Overview
X-linked agammaglobulinemia (XLA) is an inherited genetic disorder that primarily affects male individuals. It is characterized by a reduced ability to fight infections due to the impaired production of antibodies by the immune system. XLA often results in recurrent bacterial infections in the ear, lungs, sinuses, and skin. Babies with XLA may appear healthy at birth, but they start to develop severe infections once the maternal antibodies they received before birth disappear from their systems. Male infants born with XLA typically have very small tonsils and small or no lymph nodes. XLA is caused by a genetic mutation and can run in families. It is important to manage the condition carefully with appropriate medical attention to prevent complications, which can be life-threatening.
Understanding the disease
Risk Factors
The risk factors for developing X-linked agammaglobulinemia (XLA) include:
- Gender: XLA primarily affects males, although females can be genetic carriers of the condition.

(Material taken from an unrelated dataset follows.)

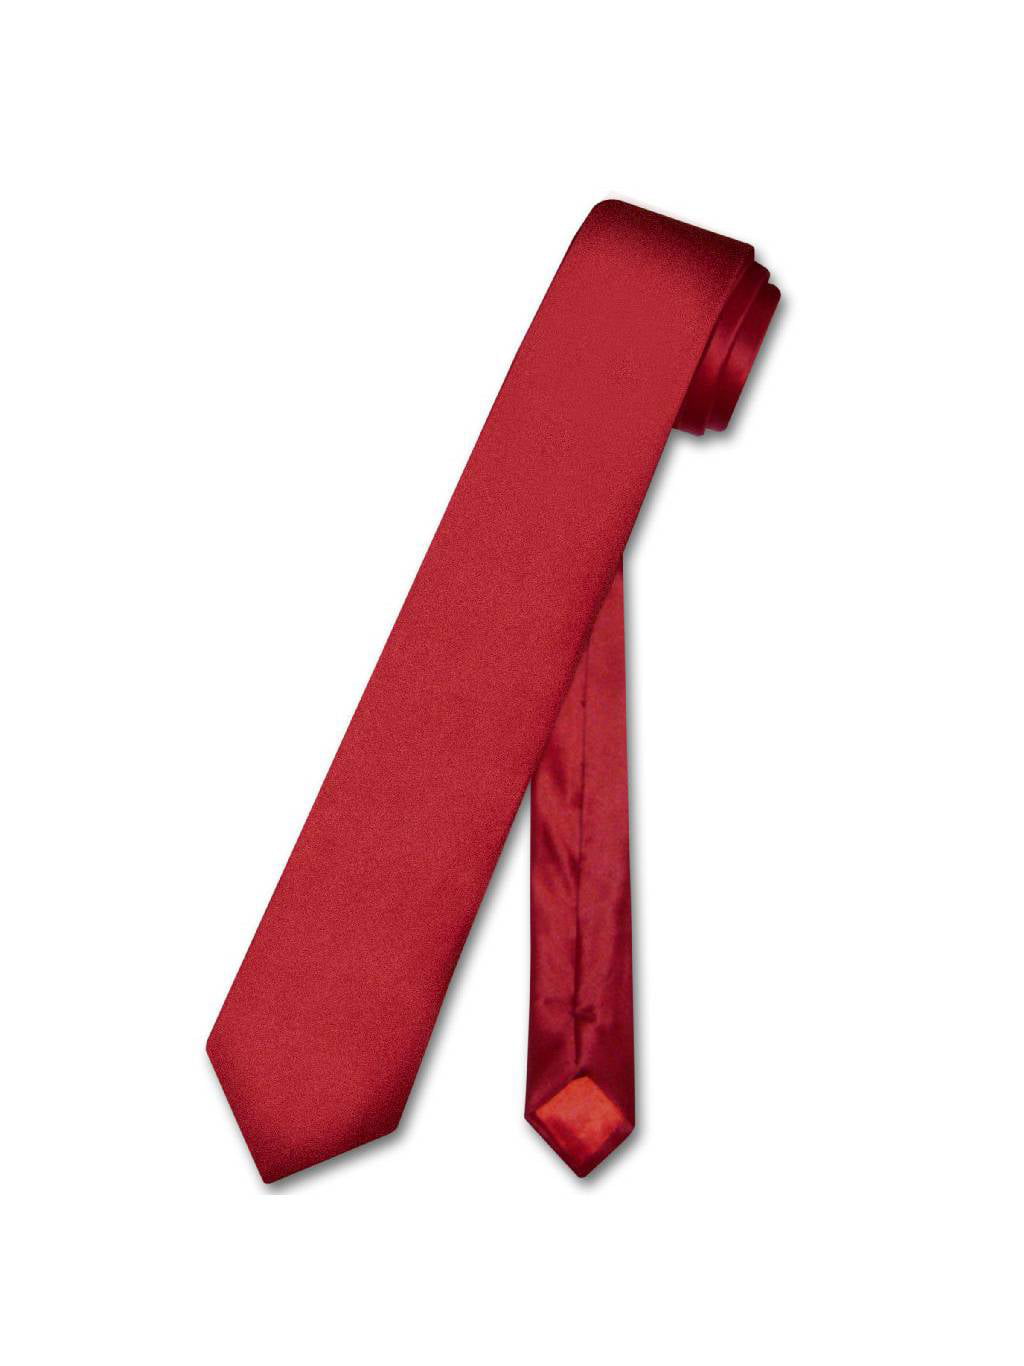 New Polyester Men's 1.5" skinny Neck Tie only solid formal wedding work red

- Family history: About 40% of people with XLA have a family member who also has the condition.
Development
X-linked agammaglobulinemia (XLA) is an inherited immune system disorder that results from a genetic mutation, causing individuals to be unable to produce antibodies that fight infection. This condition primarily affects males, although females can be genetic carriers of the condition. In the early months of life, babies with XLA appear healthy due to the antibodies they received from their mothers before birth. However, as these antibodies clear from their systems, they begin to experience recurrent and often severe bacterial infections in various parts of the body, including the ears, lungs, sinuses, and skin. In contrast to XLA, chronic granulomatous disease (CGD) is an inherited disorder that affects phagocytes, a type of white blood cell responsible for fighting infections. When phagocytes don't function correctly, they can't protect the body from bacterial and fungal infections. CGD can cause infections in various parts of the body, such as the lungs, skin, lymph nodes, liver, stomach, and intestines. Lastly, Waldenstrom macroglobulinemia is a blood disorder where abnormal proteins accumulate in the blood, impairing circulation and causing complications. This condition can occur in both males and females and is more common in older adults, white individuals, and those with a family history of lymphoma.
Assessment and Diagnosis
Diagnosis
To diagnose X-linked agammaglobulinemia, your doctor will first take a medical history to document recurrent infections and perform a physical exam. They will then order blood tests and possibly recommend genetic testing to confirm the diagnosis. Genetic testing can identify the specific genetic mutation causing the condition.